Sitting at the Feet of Yeshua

 In my last post, we began looked at the how happy are the meek.  In this post, we will look at how happy are the those who hunger and thirst for righteousness.

“How blessed are those who hunger and thirst for righteousness!  for they will be filled.” ~ Matthew 5:6

Verse 6 teaches us about the bliss of a starving spirit and the continual recognition of the importance of our being right with God.  Again, Yeshua quotes from King David’s: “O God, you are my God; I will seek you eagerly. My heart thirsts for you, my body longs for you in a land parched and exhausted, where no water can be found.”  ~ Psalm 63:1

The word “righteousness” is used 646 times in the Bible.  There are two insights about “righteousness” that we must clearly understand.  There is positional righteousness and practical righteousness.  Let me explain.

POSITIONAL RIGHTEOUSNESS

Rabbi Sha’ul teaches about positional righteousness in his letter to the Romans.  For in His sight no one alive will be considered righteous on the ground of legalistic observance of Torah commands, because what Torah really does is show people how sinful they are. But now, quite apart from Torah, God’s way of making people righteous in his sight has been made clear — although the Torah and the Prophets give their witness to it as well — and it is a righteousness that comes from God, through the faithfulness of Yeshua the Messiah, to all who continue trusting. For it makes no difference whether one is a Jew or a Gentile, since all have sinned and come short of earning God’s praise. By God’s grace, without earning it, all are granted the status of being considered righteous before him, through the act redeeming us from our enslavement to sin that was accomplished by the Messiah Yeshua. God put Yeshua forward as the kapparah for sin through his faithfulness in respect to his bloody sacrificial death. This vindicated God’s righteousness; because, in his forbearance, he had passed over [with neither punishment nor remission] the sins people had committed in the past; and it vindicates his righteousness in the present age by showing that he is righteous himself and is also the one who makes people righteous on the ground of Yeshua’s faithfulness. So what room is left for boasting? None at all! What kind of Torah excludes it? One that has to do with legalistic observance of rules? No, rather, a Torah that has to do with trusting. Therefore, we hold the view that a person comes to be considered righteous by God on the ground of trusting, which has nothing to do with legalistic observance of Torah commands. ~ Romans 3:20-28.

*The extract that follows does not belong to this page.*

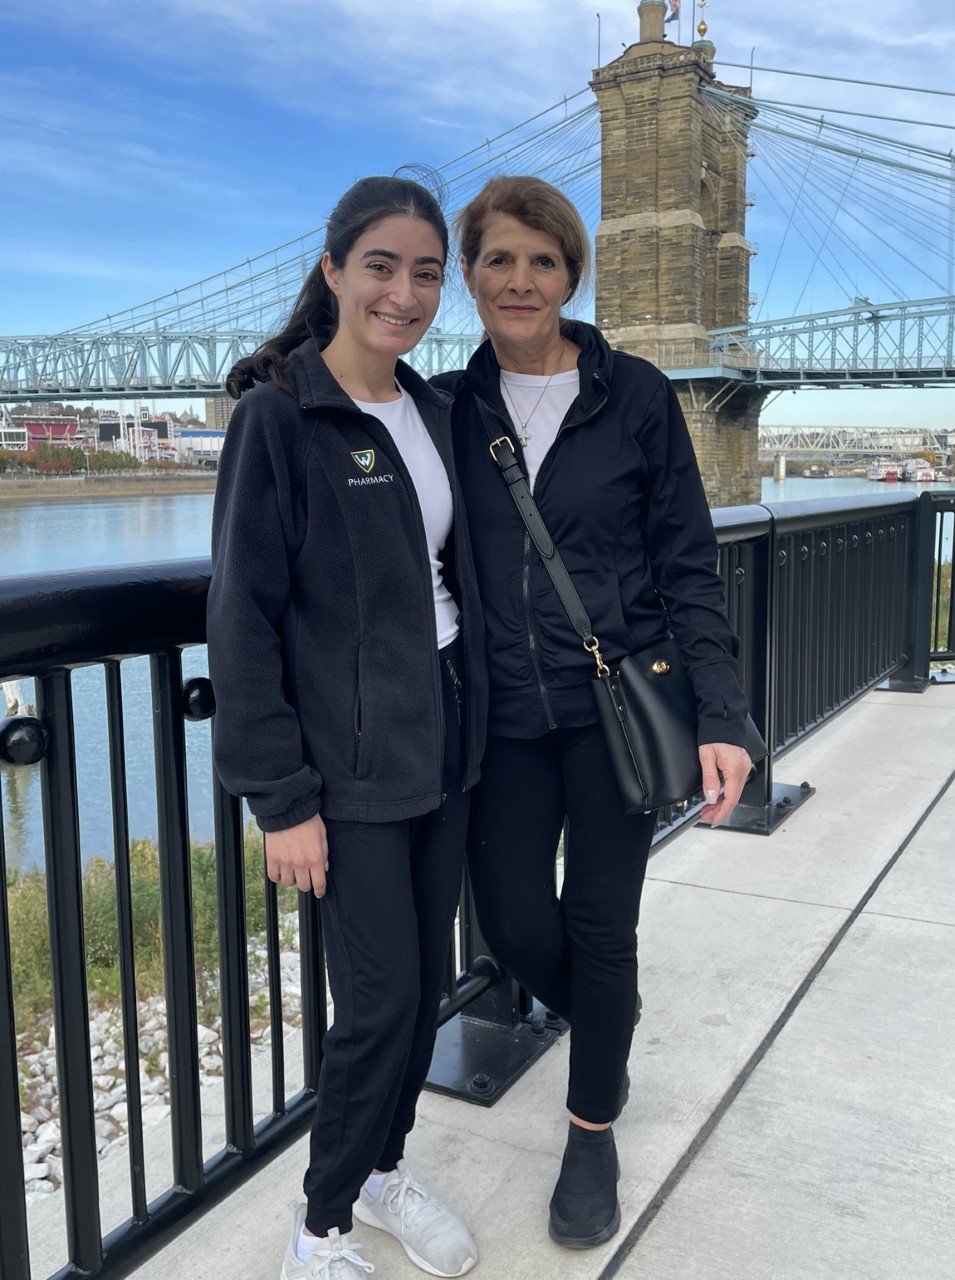 Habba and her mother, Ann, exploring Cincinnati after a day full of MRM programming. A very special guest!

Sha’ul goes on to say in Chapter 10, “Brothers, my heart’s deepest desire and my prayer to God for Isra’el is for their salvation; for I can testify to their zeal for God. But it is not based on correct understanding; for, since they are unaware of God’s way of making people righteous and instead seek to set up their own, they have not submitted themselves to God’s way of making people righteous. For the goal at which the Torah aims is the Messiah, who offers righteousness to everyone who trusts…that if you acknowledge publicly with your mouth that Yeshua is Lord and trust in your heart that God raised Him from the dead, you will be delivered. For with the heart one goes on trusting and thus continues toward righteousness, while with the mouth one keeps on making public acknowledgement and thus continues toward deliverance.” (Romans 10:1-4; 9-10)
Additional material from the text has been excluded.